§ **Activity**
I need every line from the start of the material below up to and including the line containing "Solution:4.35332 as a fraction is 2033/467", restated exactly, with the pictures omitted.
=== Section Start ===
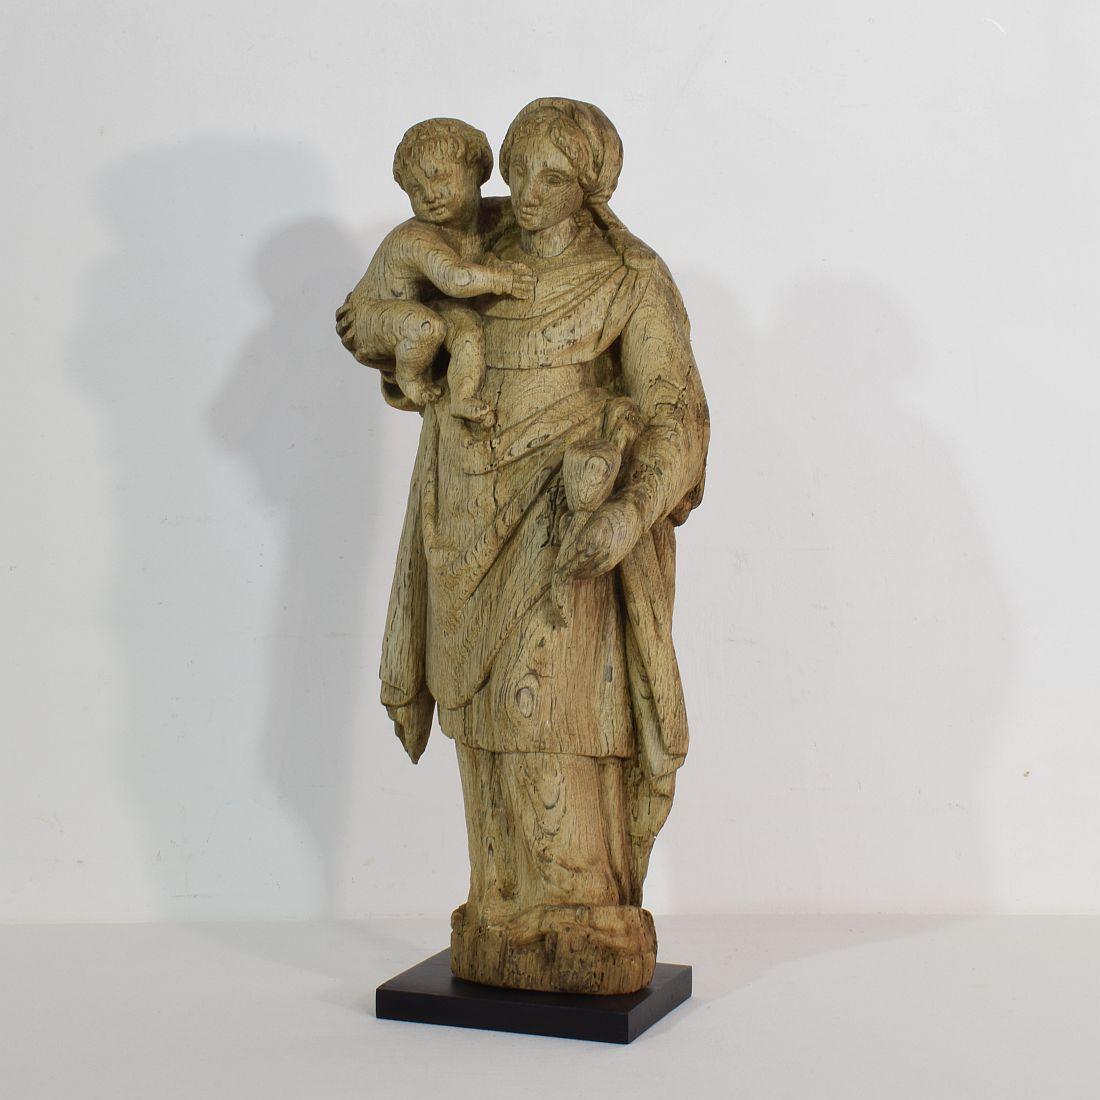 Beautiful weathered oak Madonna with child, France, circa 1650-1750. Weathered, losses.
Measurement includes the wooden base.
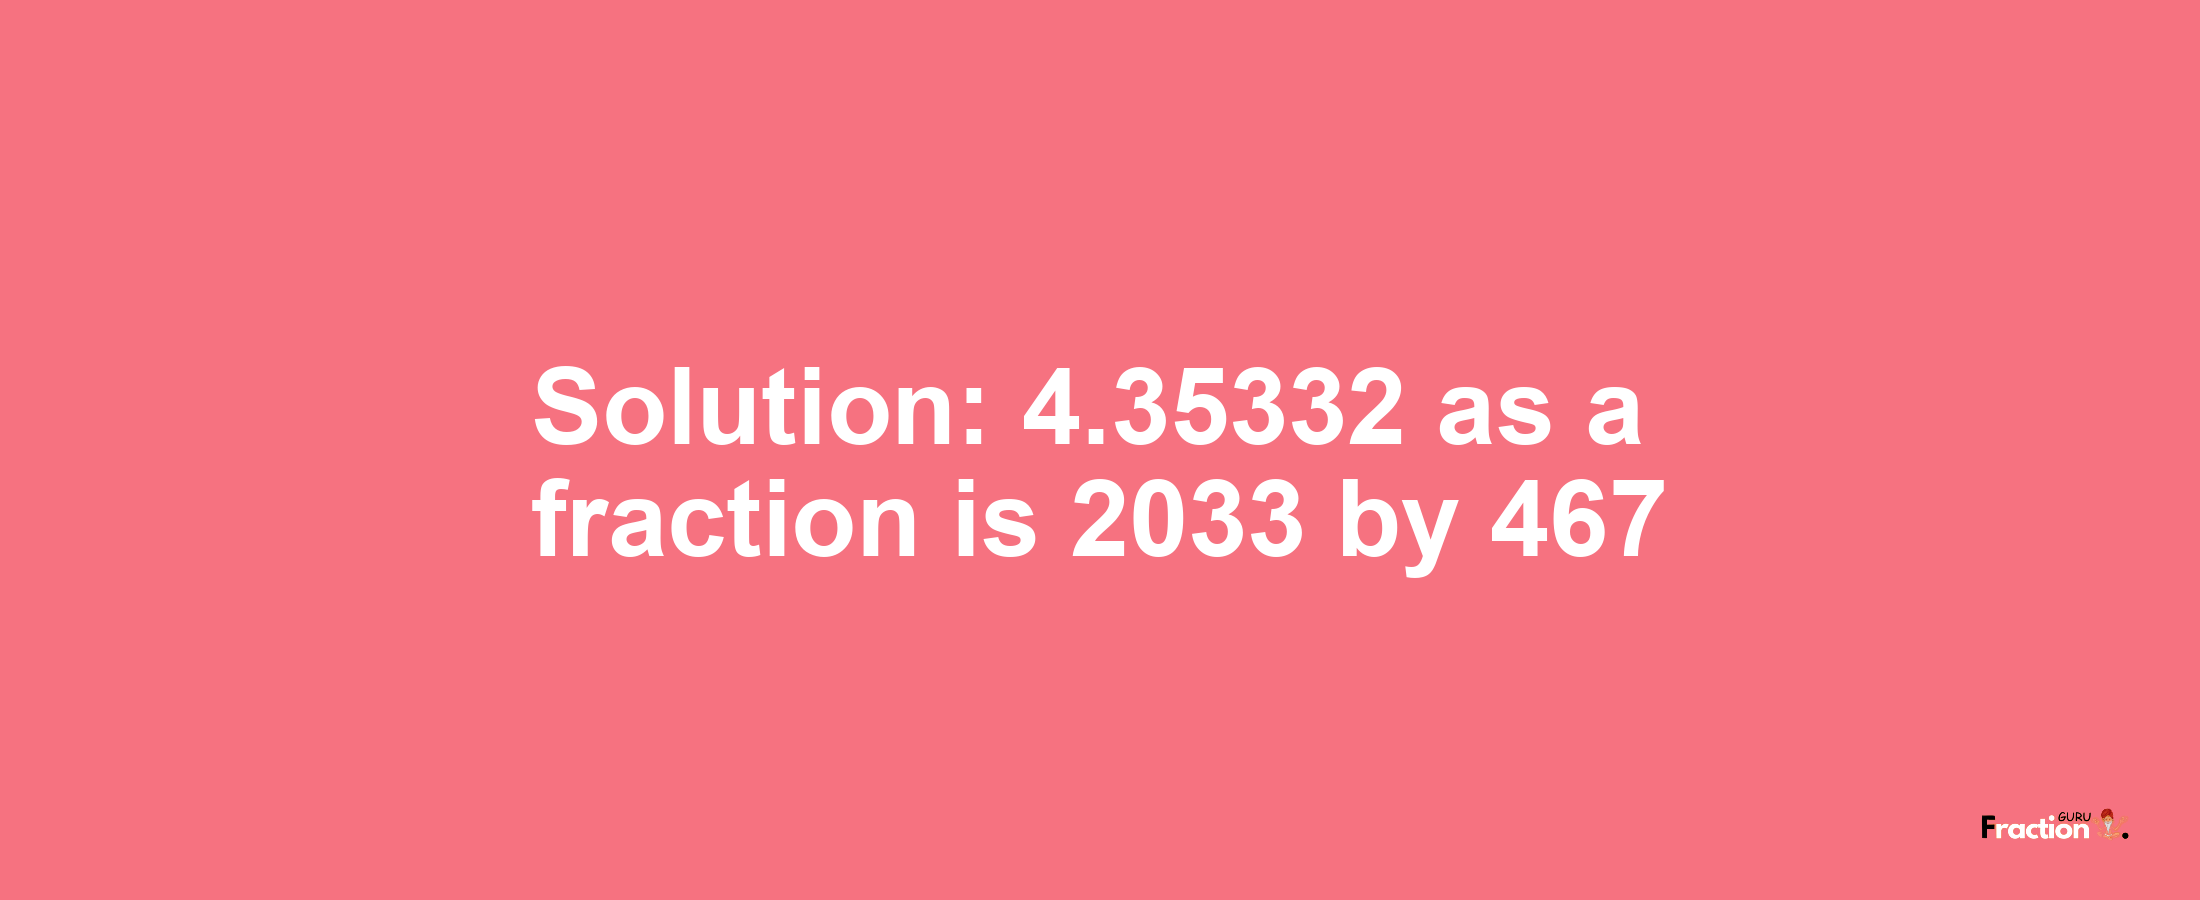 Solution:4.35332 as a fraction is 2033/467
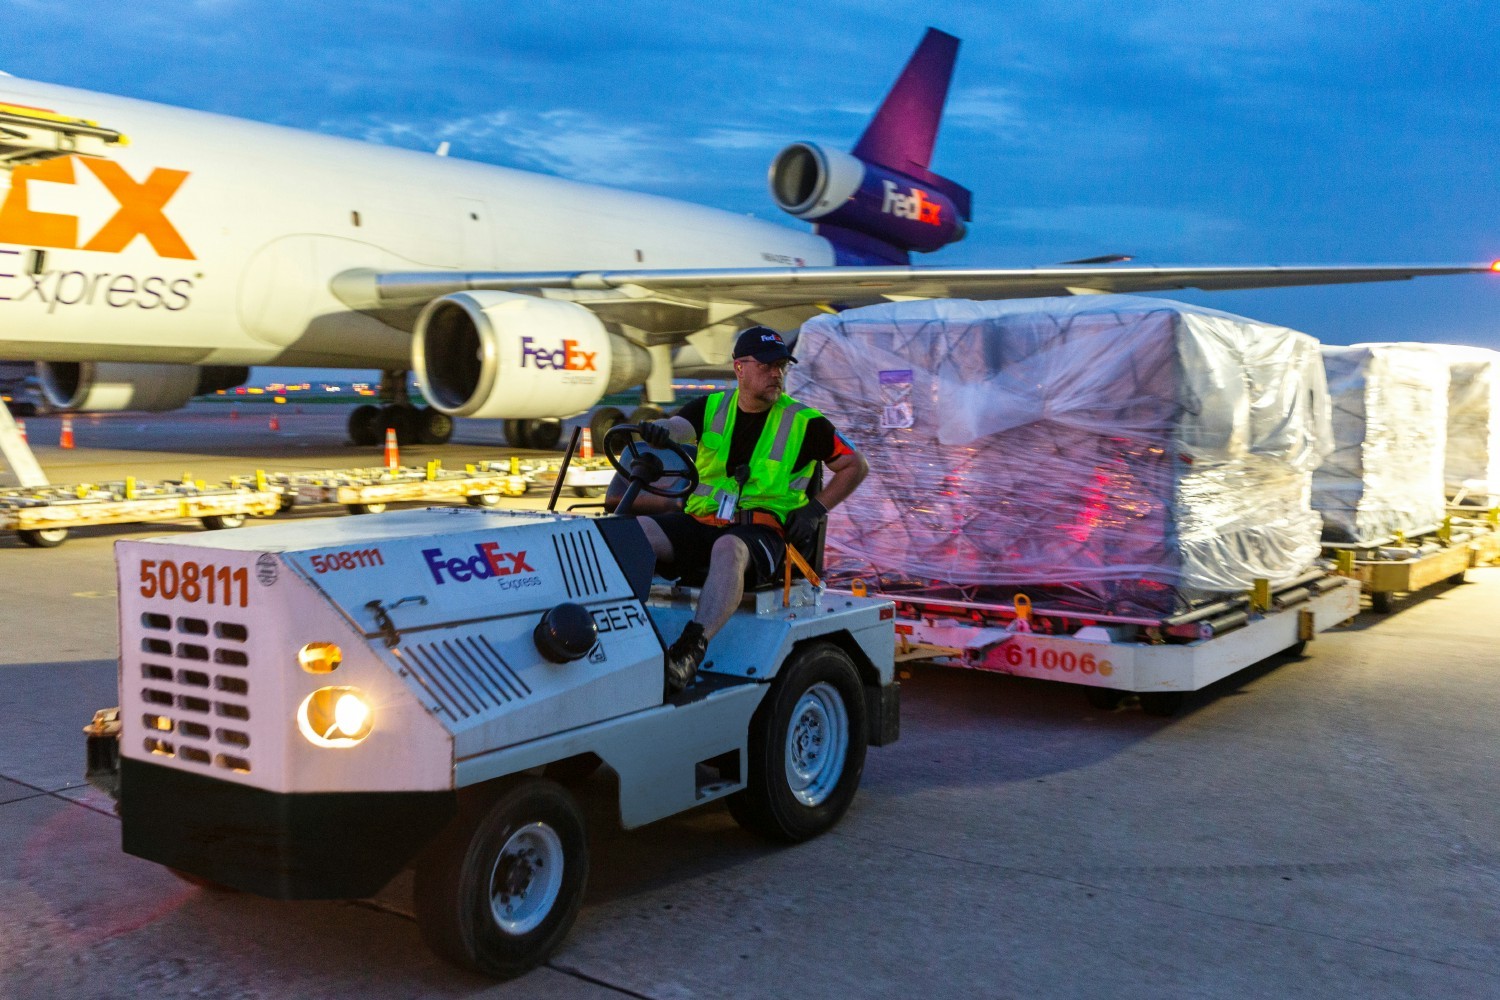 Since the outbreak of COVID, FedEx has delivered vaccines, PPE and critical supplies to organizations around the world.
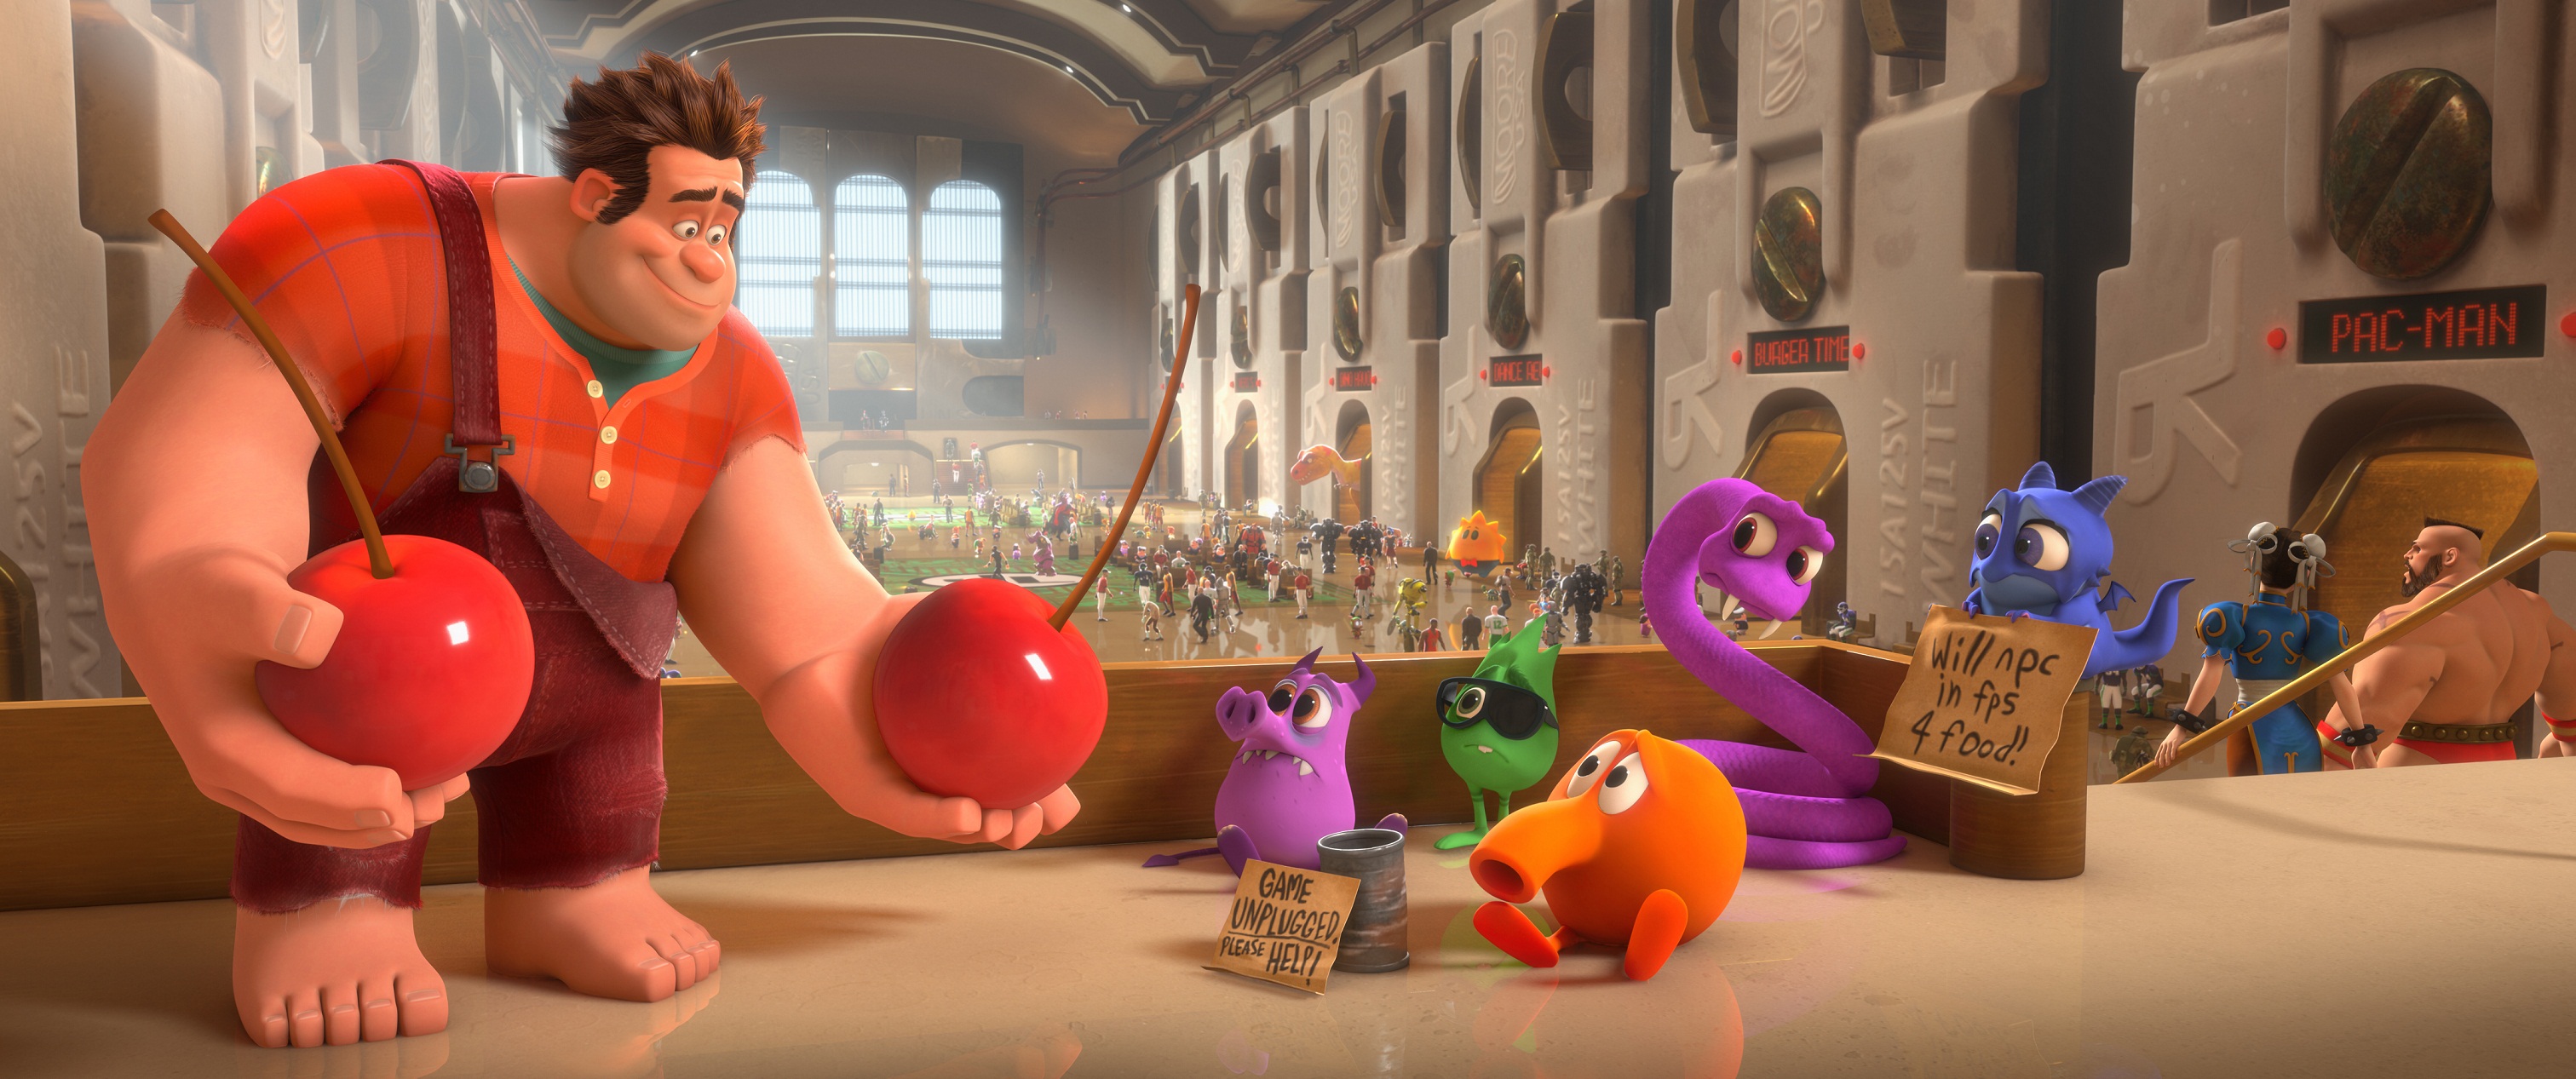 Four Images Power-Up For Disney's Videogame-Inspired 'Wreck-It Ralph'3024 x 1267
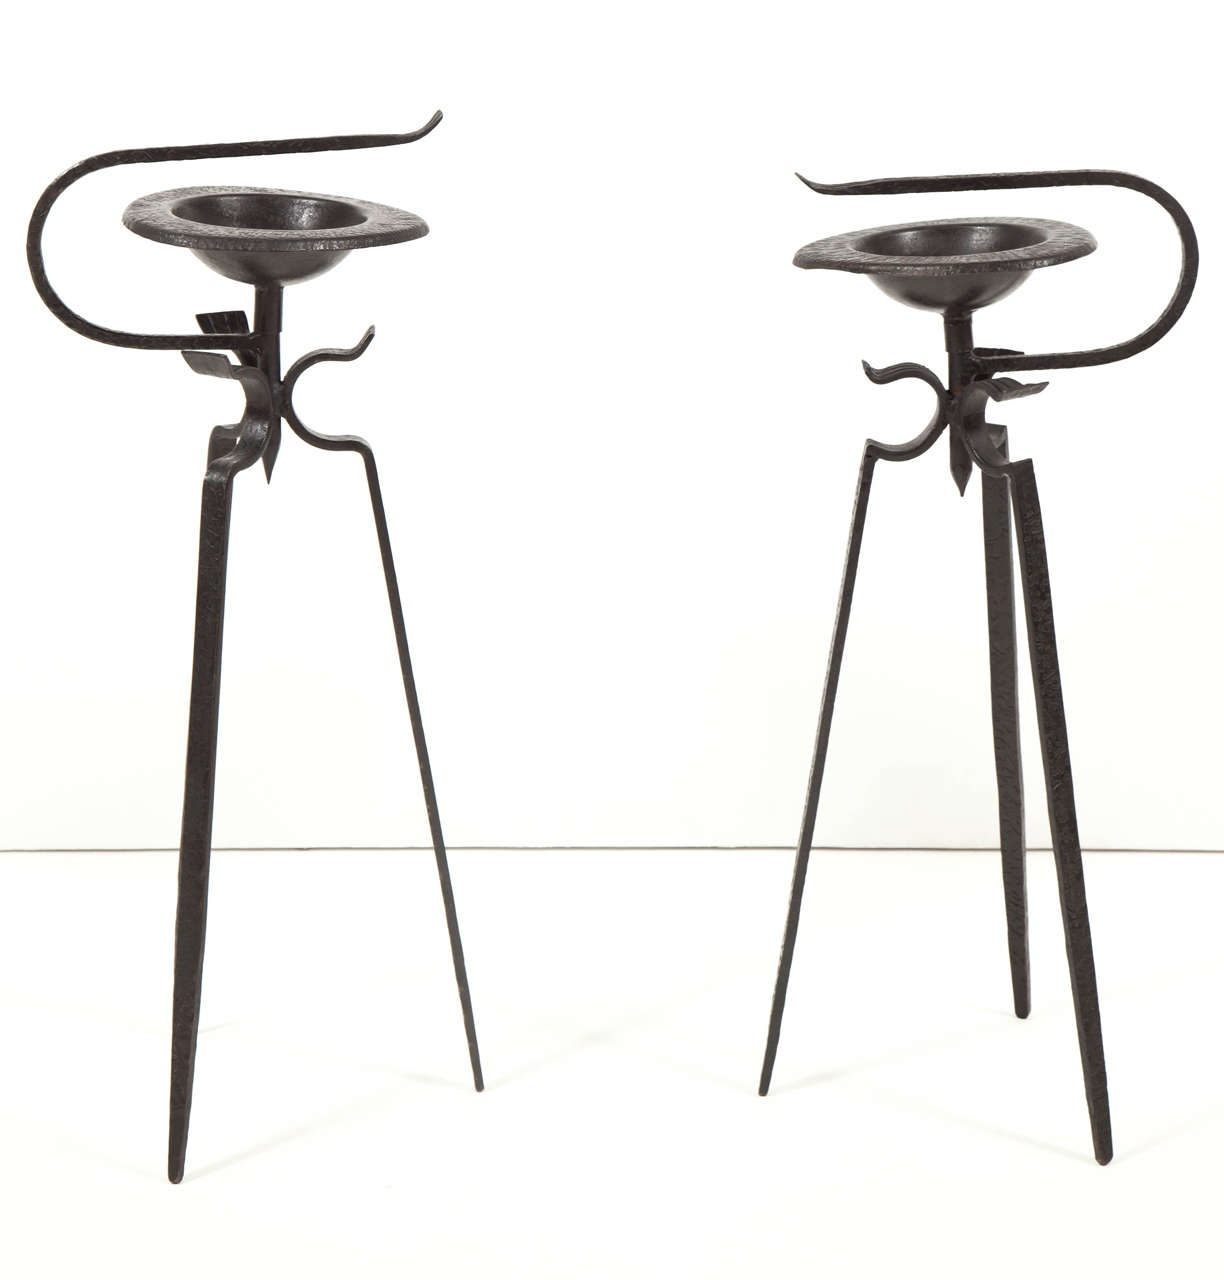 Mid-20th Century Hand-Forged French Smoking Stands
=== Section End ===
§ **Completed exercise**
 Beautiful weathered oak Madonna with child, France, circa 1650-1750. Weathered, losses.
Measurement includes the wooden base.
 Solution:4.35332 as a fraction is 2033/467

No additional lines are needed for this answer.